The data section start

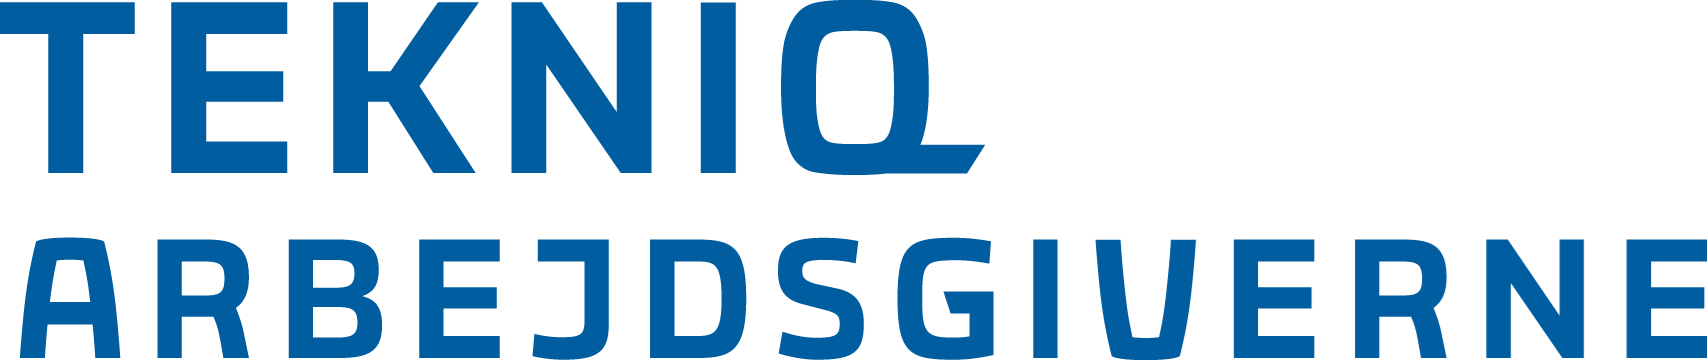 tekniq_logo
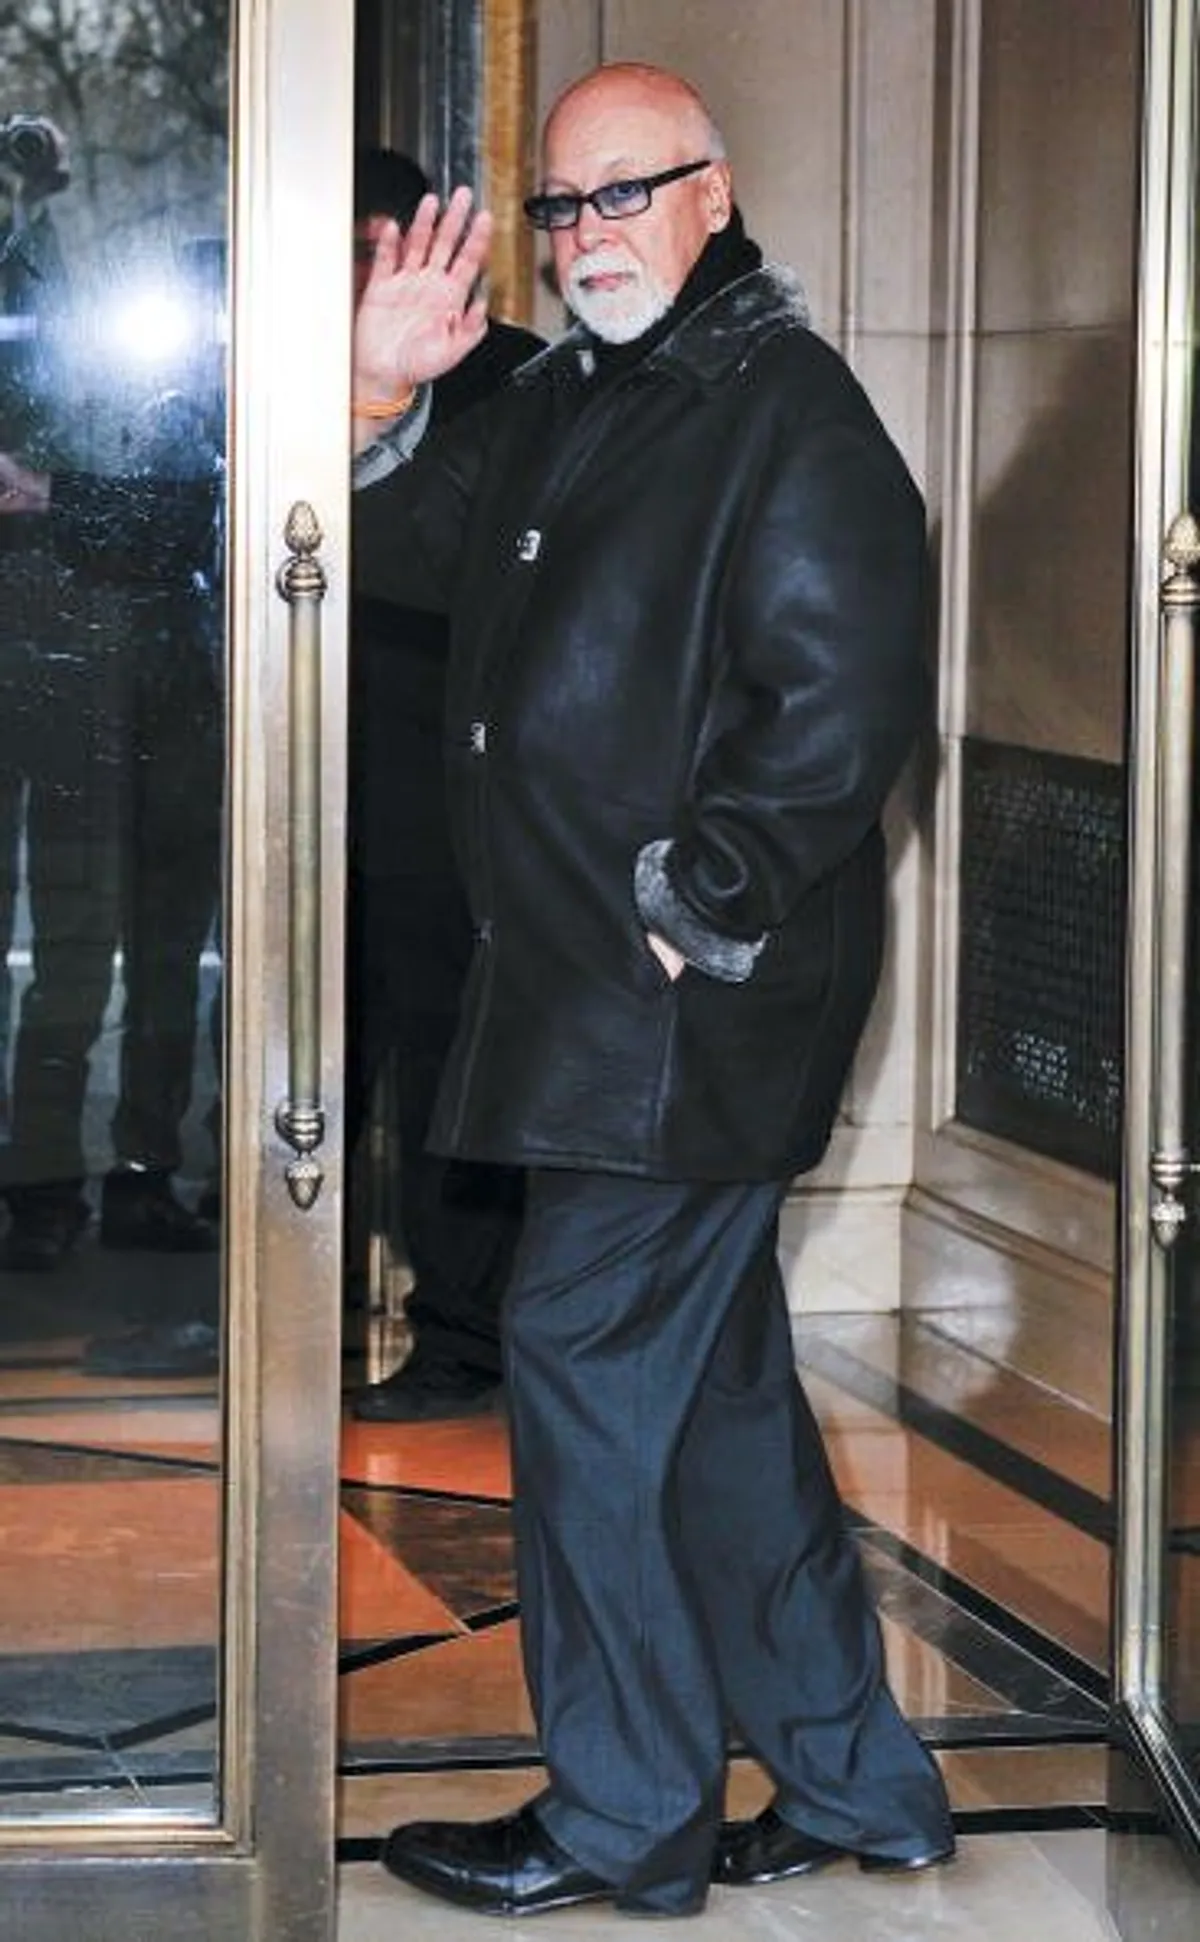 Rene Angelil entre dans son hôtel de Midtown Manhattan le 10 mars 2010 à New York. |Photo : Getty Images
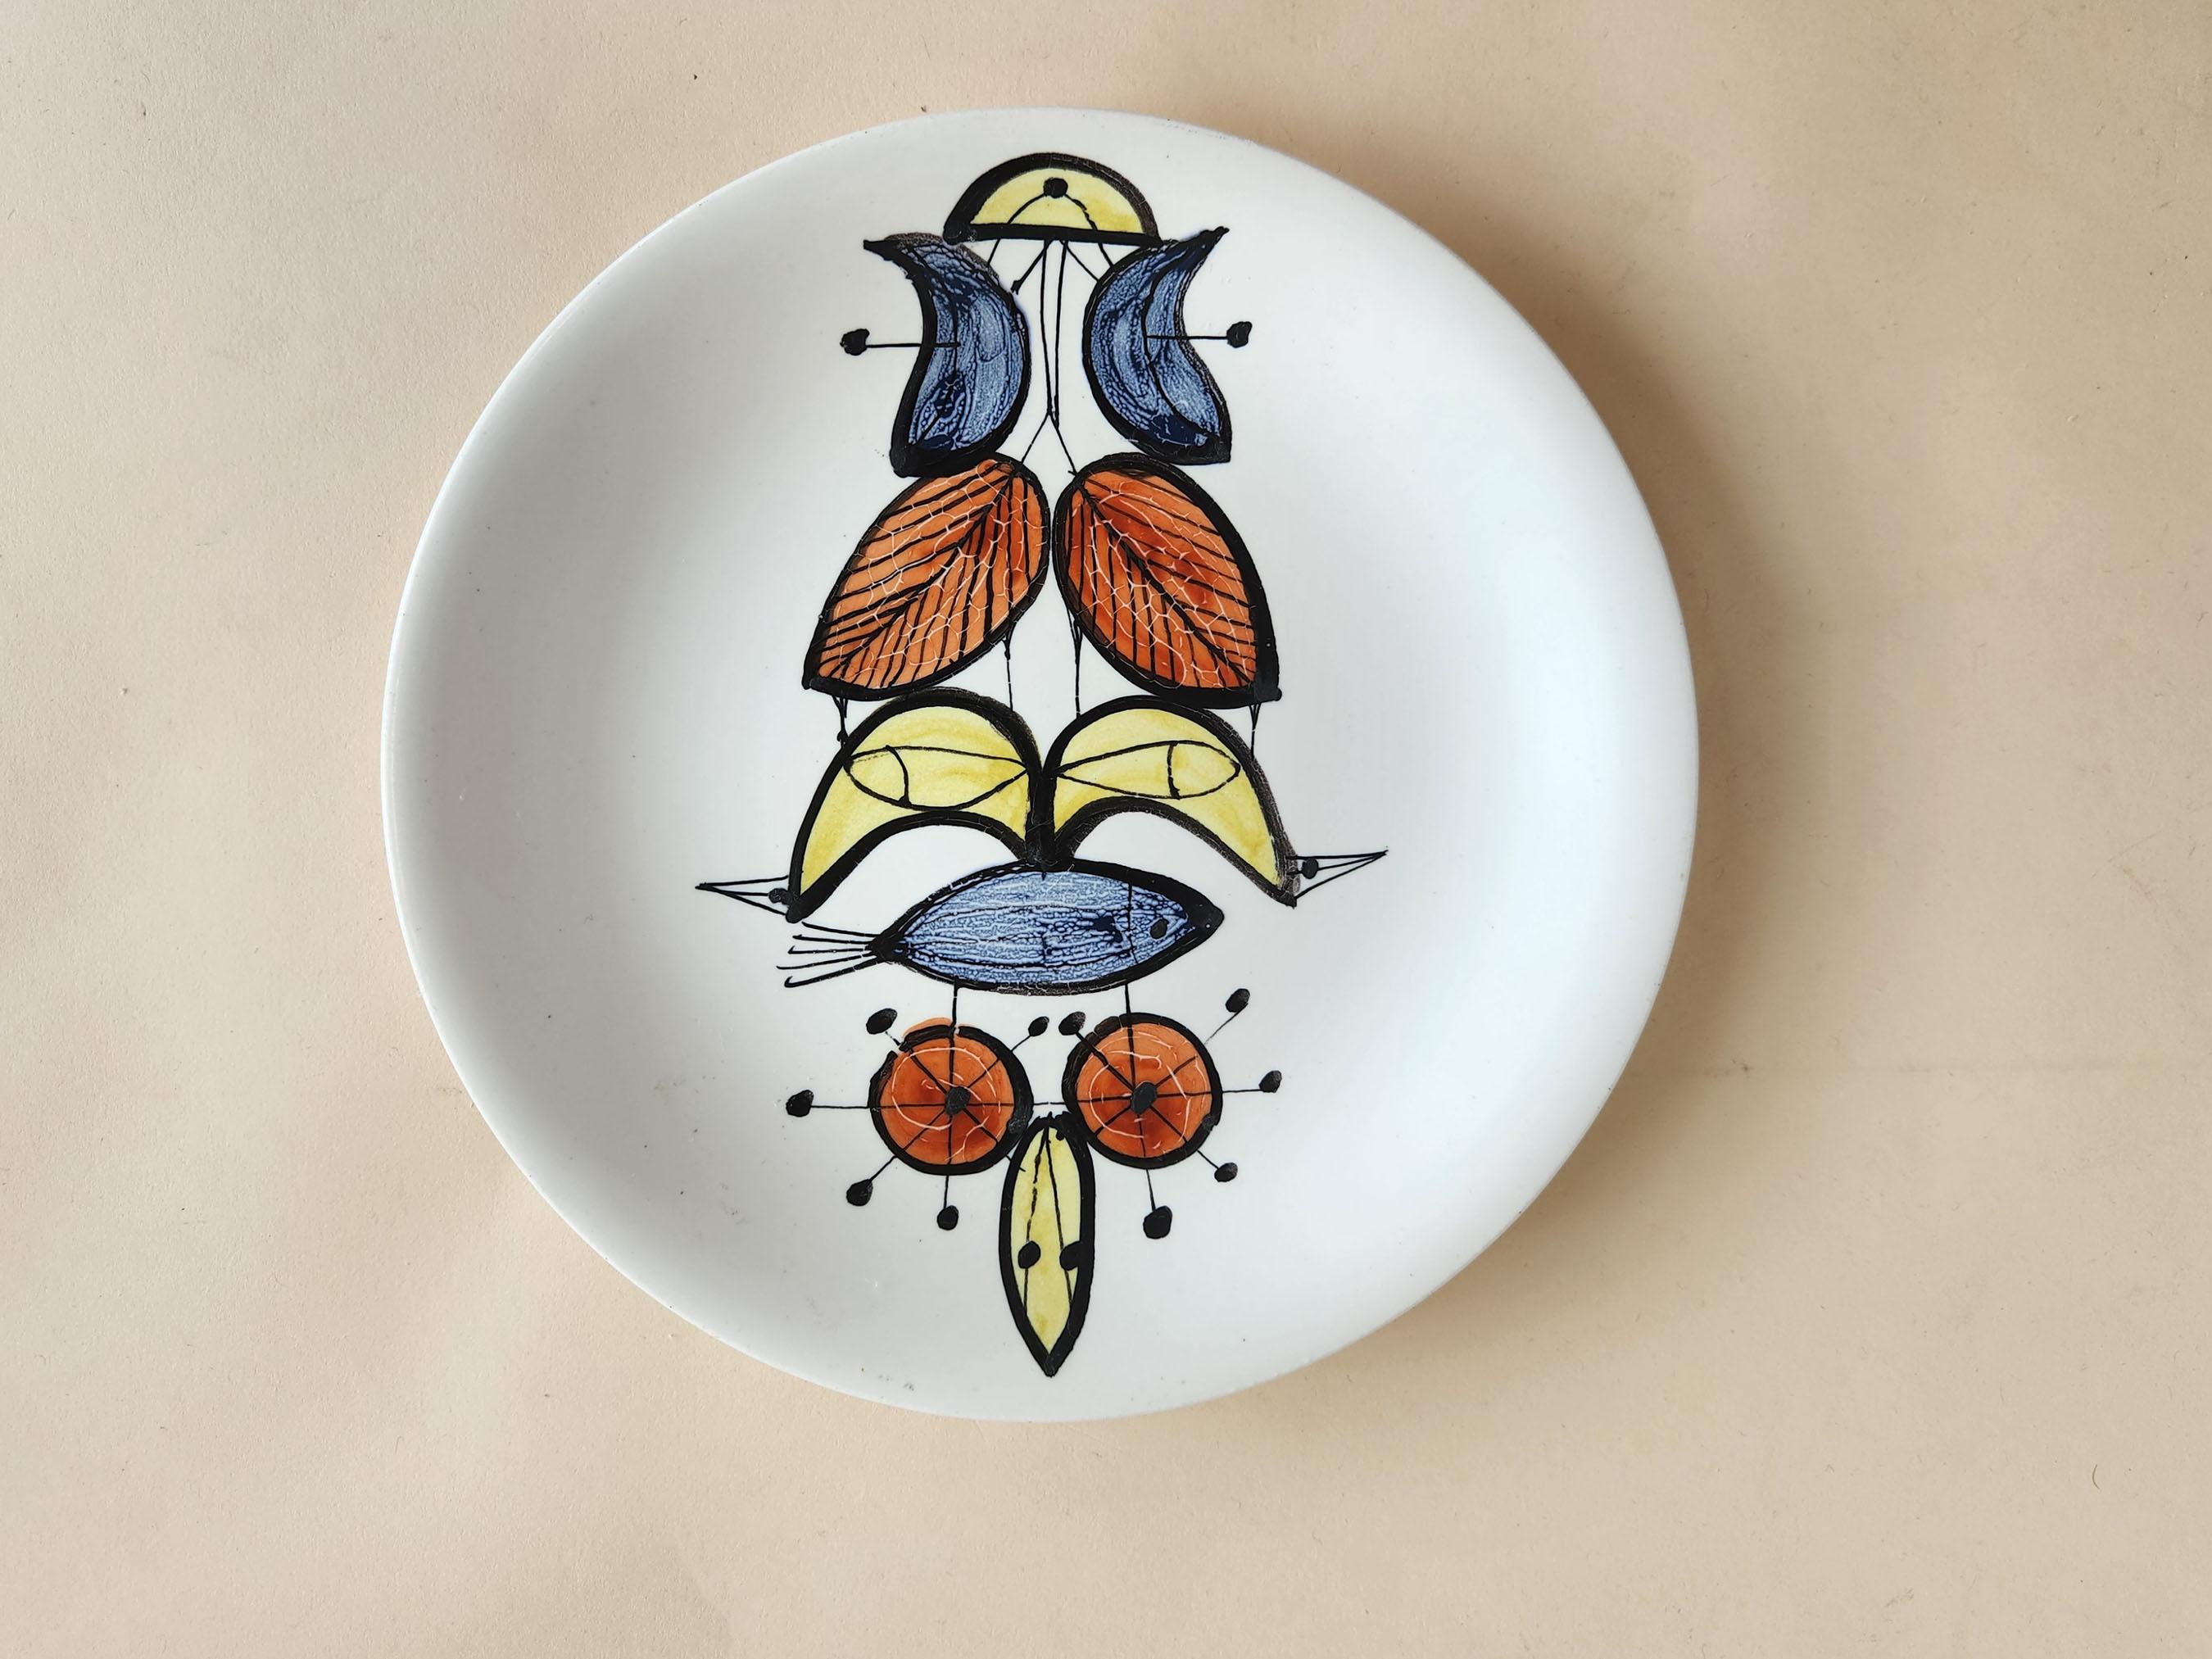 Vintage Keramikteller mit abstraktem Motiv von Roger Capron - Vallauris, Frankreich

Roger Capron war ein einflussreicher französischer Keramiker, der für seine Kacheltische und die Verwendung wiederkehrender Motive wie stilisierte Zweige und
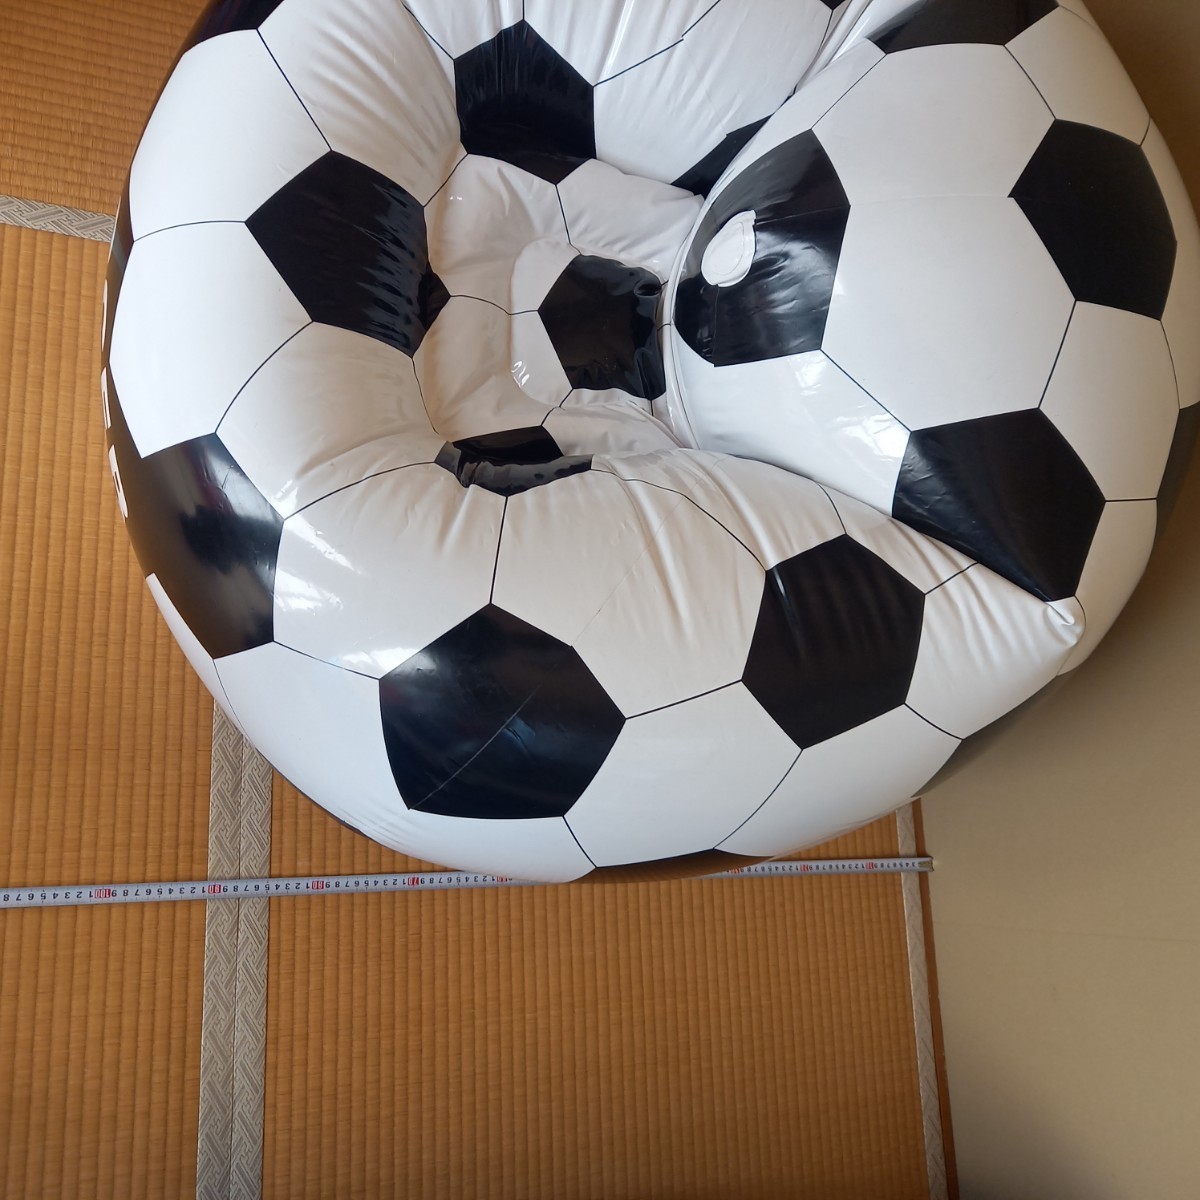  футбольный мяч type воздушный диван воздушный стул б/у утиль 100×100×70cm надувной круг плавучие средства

The data section end

__Problem__:
Without any pictures, reproduce the lines from the first one in the material through the line that has "Vintage Keramikteller mit", exactly as they appear.

__Result__:
 tekniq_logo
 Rene Angelil entre dans son hôtel de Midtown Manhattan le 10 mars 2010 à New York. |Photo : Getty Images
 Vintage Keramikteller mit abstraktem Motiv von Roger Capron - Vallauris, Frankreich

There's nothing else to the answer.